Output each line of the data below exactly, omitting any image.

## AVAILABLE DATA
++++++++++++++++++++
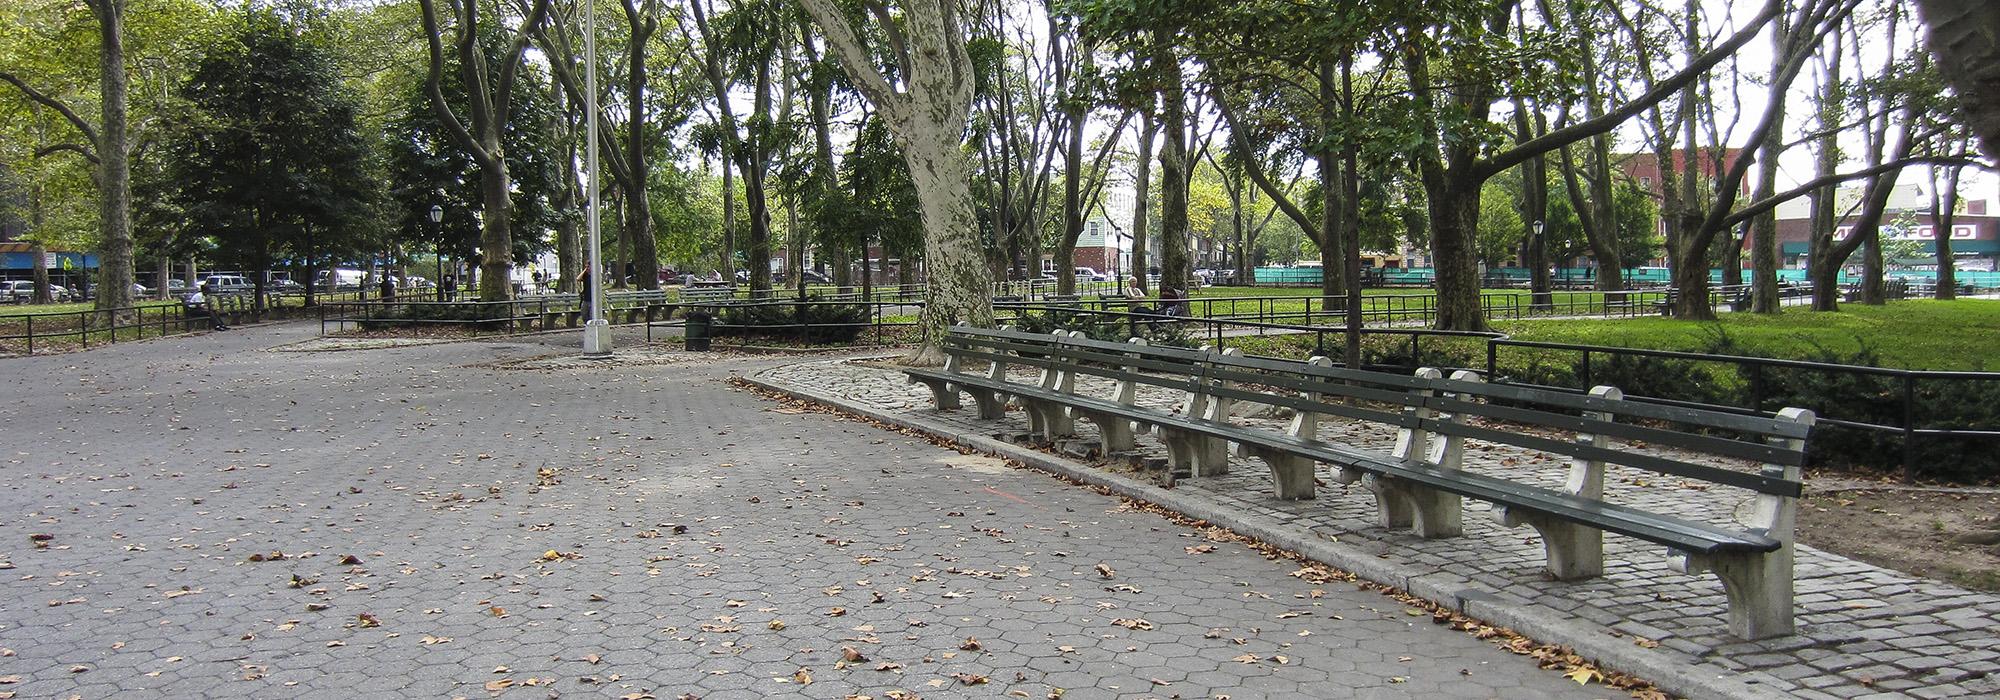 McGolrick Park, Brooklyn, NY
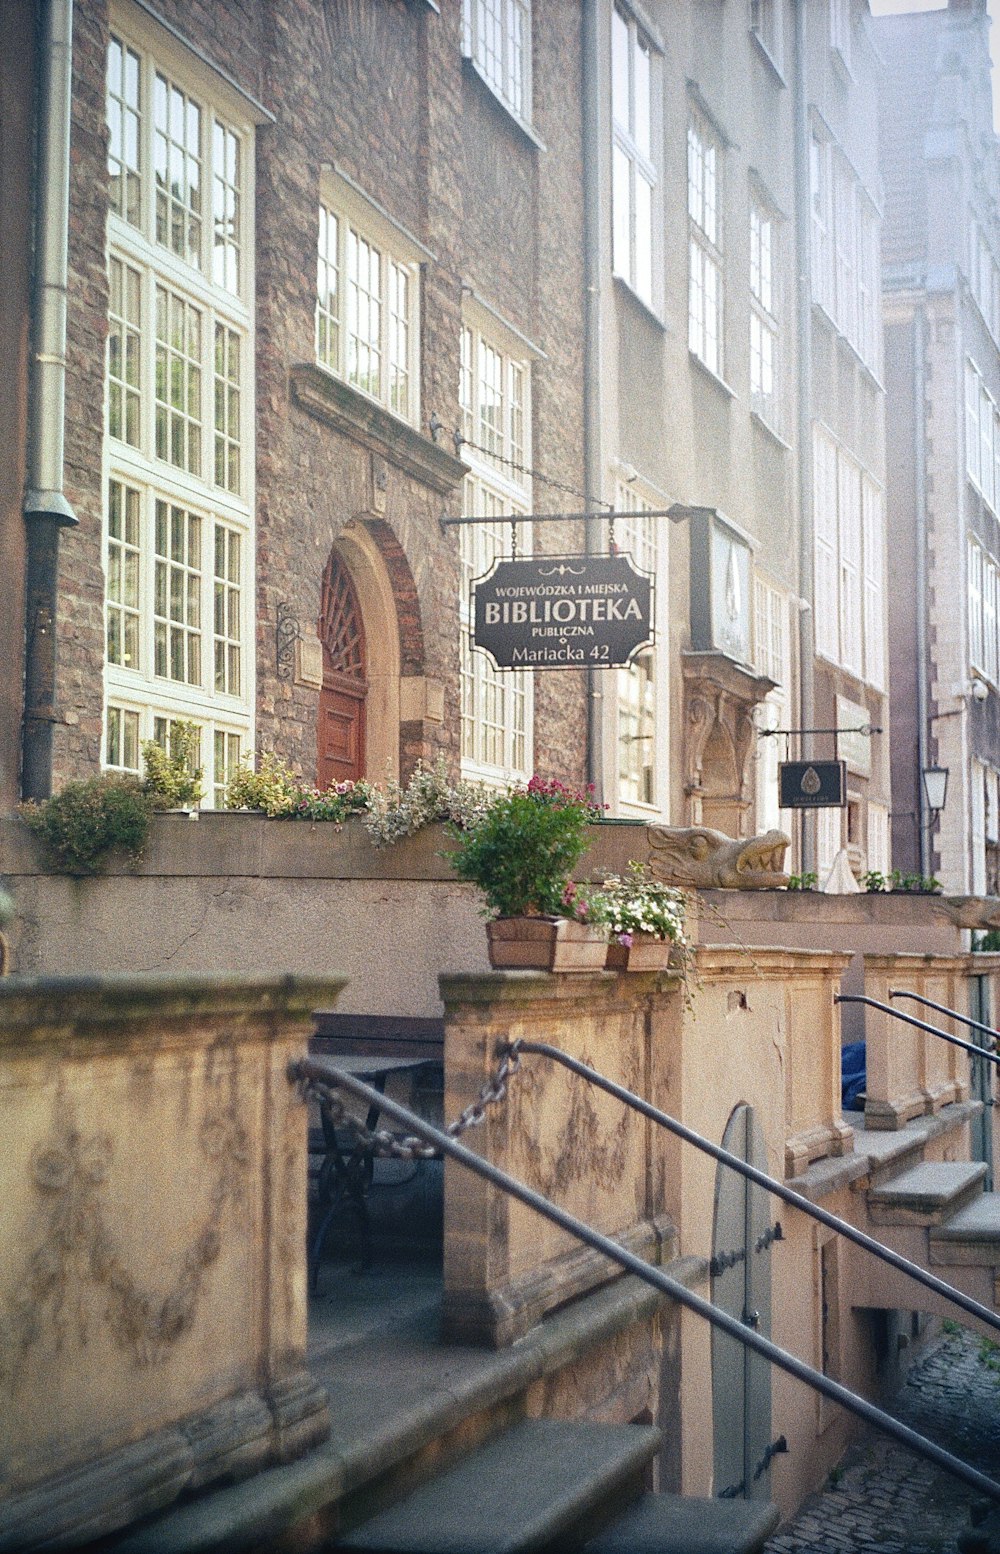 Un edificio in pietra con un cartello che dice Bluetor su di esso
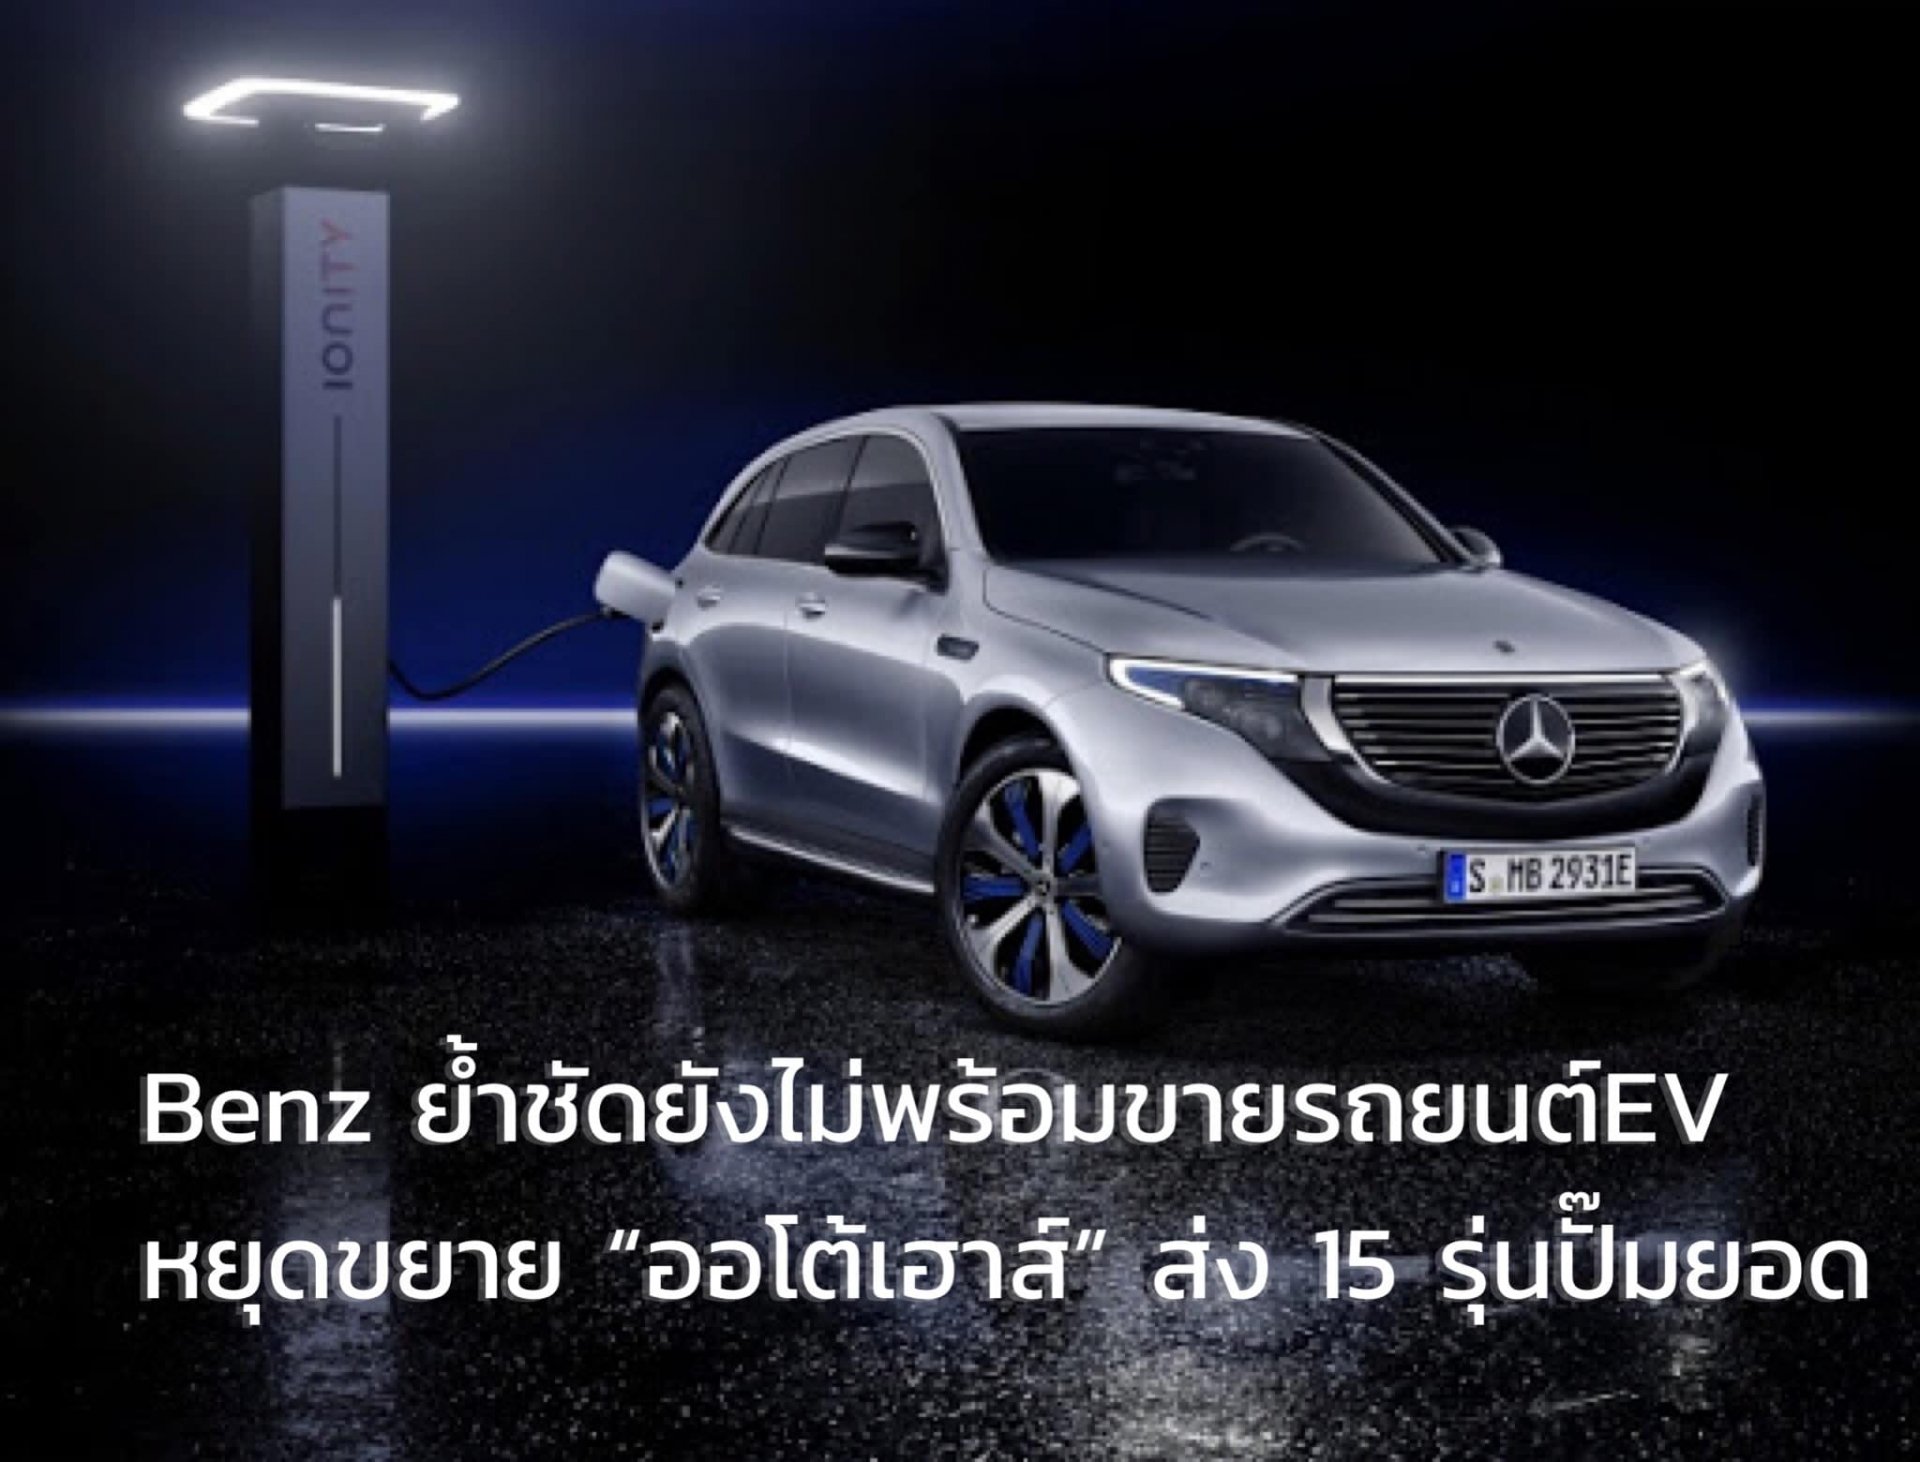 นายโรลันด์ โฟล์เกอร์ ประธานบริหาร บริษัท เมอร์เซเดส-เบนซ์ (ประเทศไทย) จำกัด เปิดเผยถึงความชัดเจนของแผนงานการทำตลาดรถยนต์ไฟฟ้าในประเทศไทยว่า ภายในปี 2564 จะยังไม่มีรถยนต์ไฟฟ้าจำหน่าย แต่การลงทุนพร้อมทั้งขึ้นไลน์ผลิตและทำตลาดในประเทศไทยยังอยู่ในนโยบายของบริ
++++++++++++++++++++
## ANSWER FOR THE TASK
 McGolrick Park, Brooklyn, NY
 Un edificio in pietra con un cartello che dice Bluetor su di esso
 นายโรลันด์ โฟล์เกอร์ ประธานบริหาร บริษัท เมอร์เซเดส-เบนซ์ (ประเทศไทย) จำกัด เปิดเผยถึงความชัดเจนของแผนงานการทำตลาดรถยนต์ไฟฟ้าในประเทศไทยว่า ภายในปี 2564 จะยังไม่มีรถยนต์ไฟฟ้าจำหน่าย แต่การลงทุนพร้อมทั้งขึ้นไลน์ผลิตและทำตลาดในประเทศไทยยังอยู่ในนโยบายของบริ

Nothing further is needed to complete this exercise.